INFORMATION SHOWN:
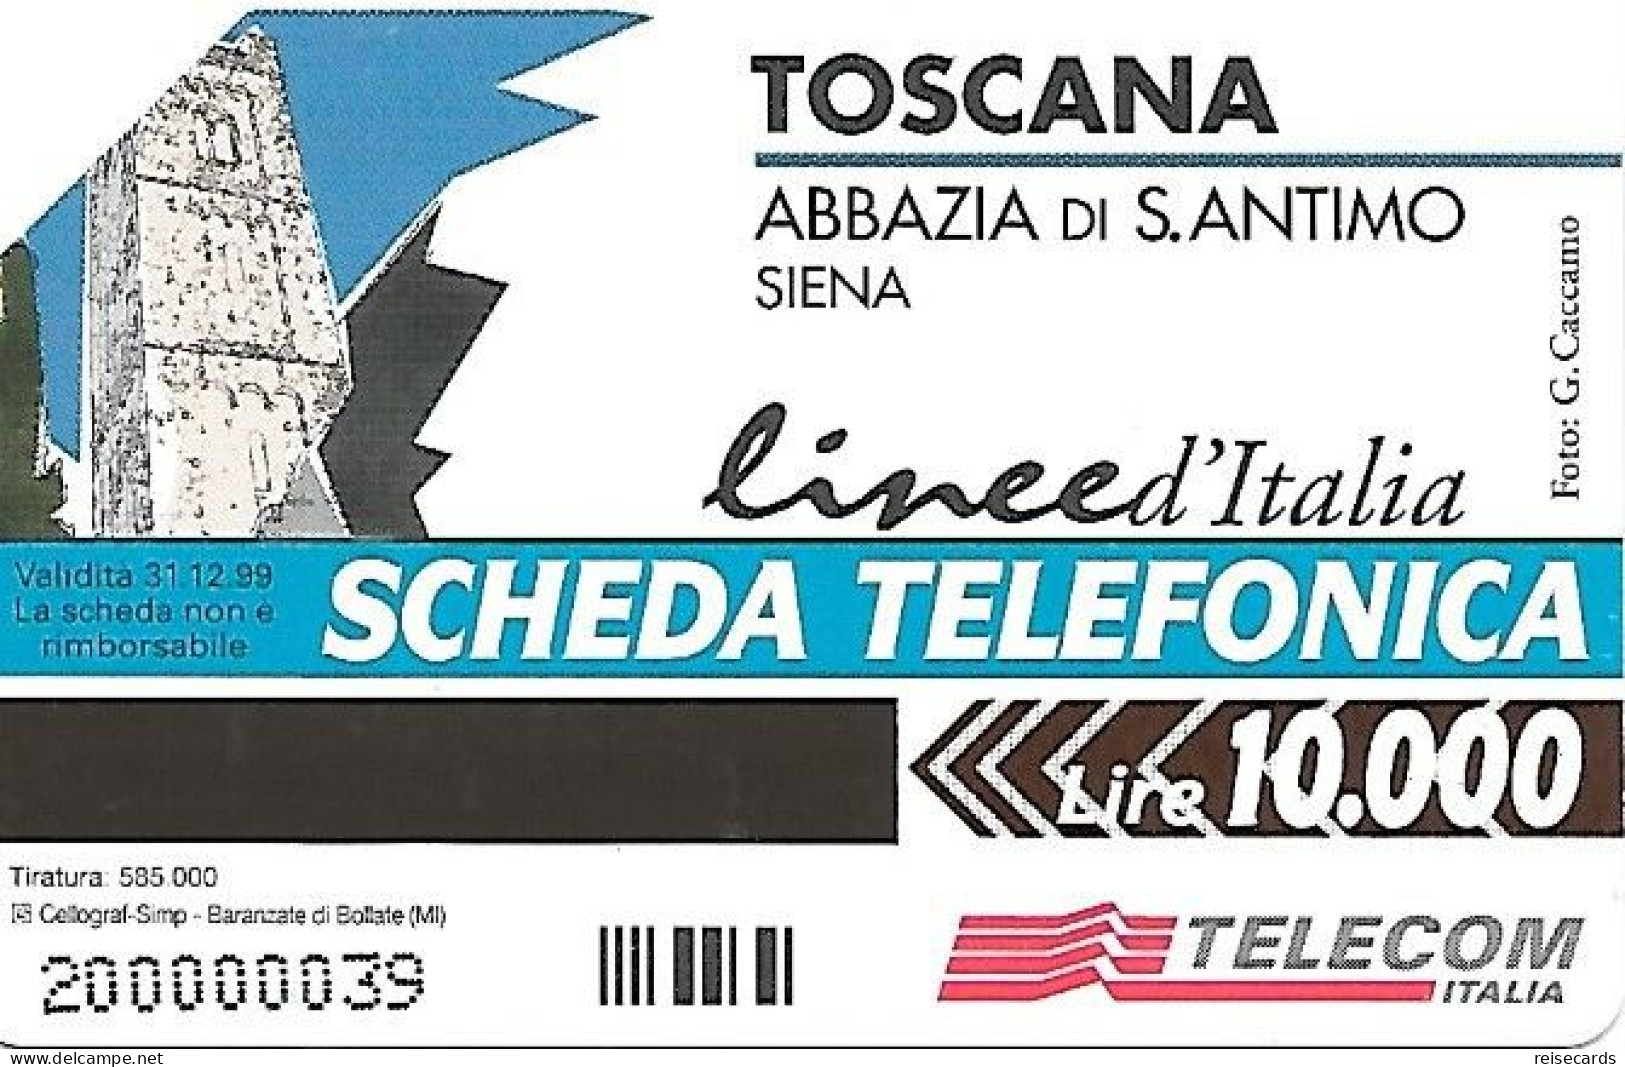 Italy: Telecom Italia - Toscana, Abbazia Di Santimo, Siena - Publiques Publicitaires
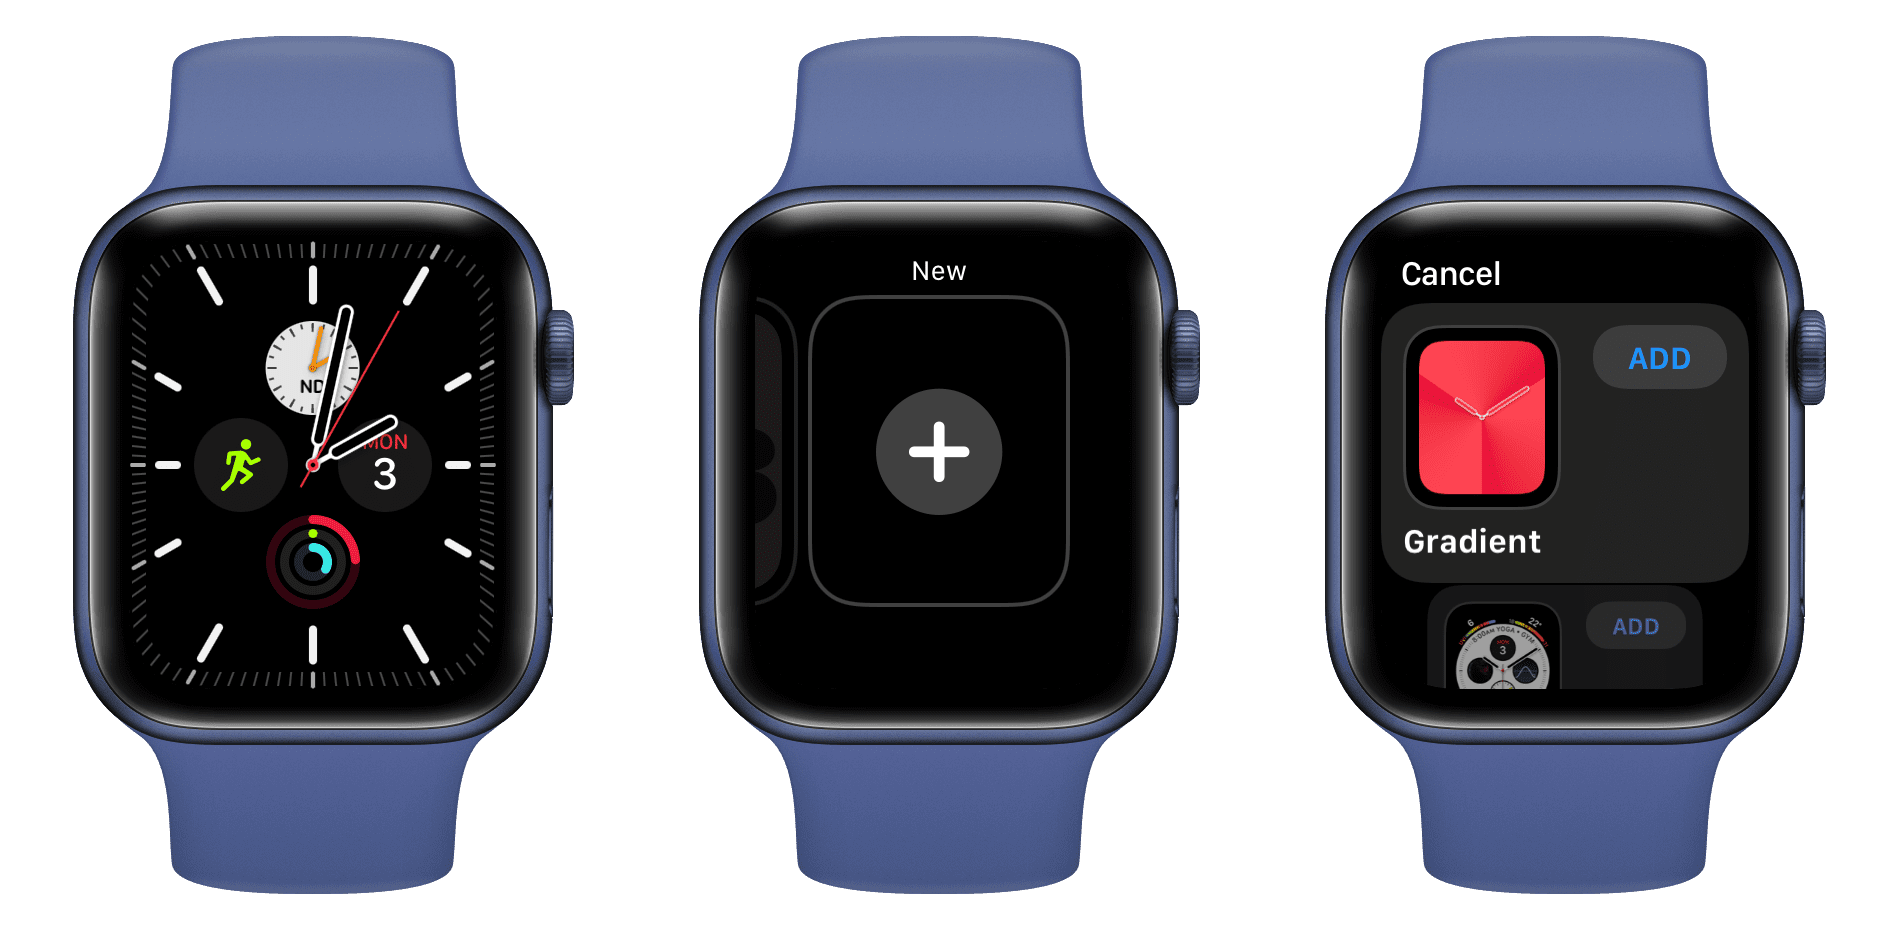 Add new watch face on Apple Watch
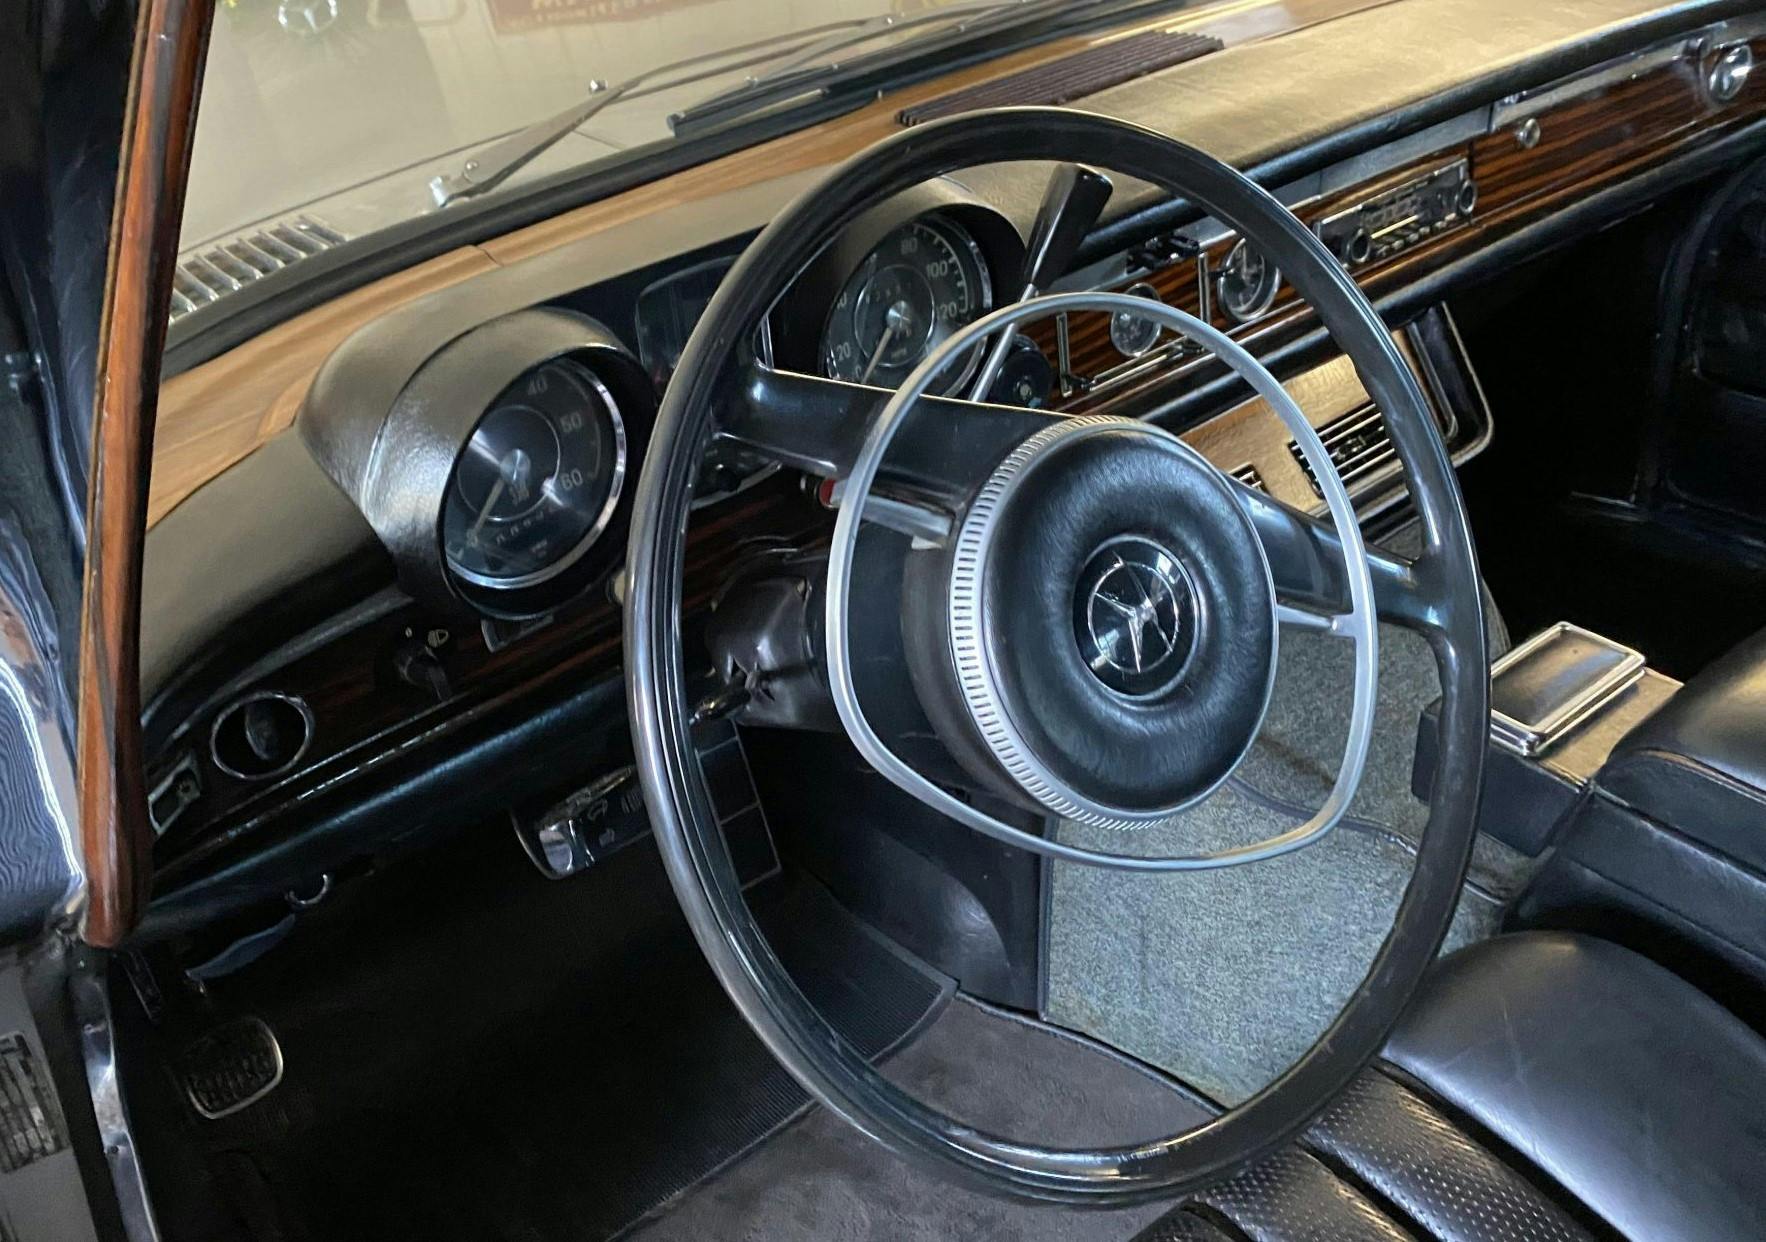 1969 Mercedes-Benz 600 Elvis car interior steering wheel

EXERCISE OBJECTIVE: Reproduce the data above line for line, excluding every picture.

SOLUTION FOR THIS PROBLEM:
 Italy: Telecom Italia - Toscana, Abbazia Di Santimo, Siena - Publiques Publicitaires
 Add new watch face on Apple Watch
 1969 Mercedes-Benz 600 Elvis car interior steering wheel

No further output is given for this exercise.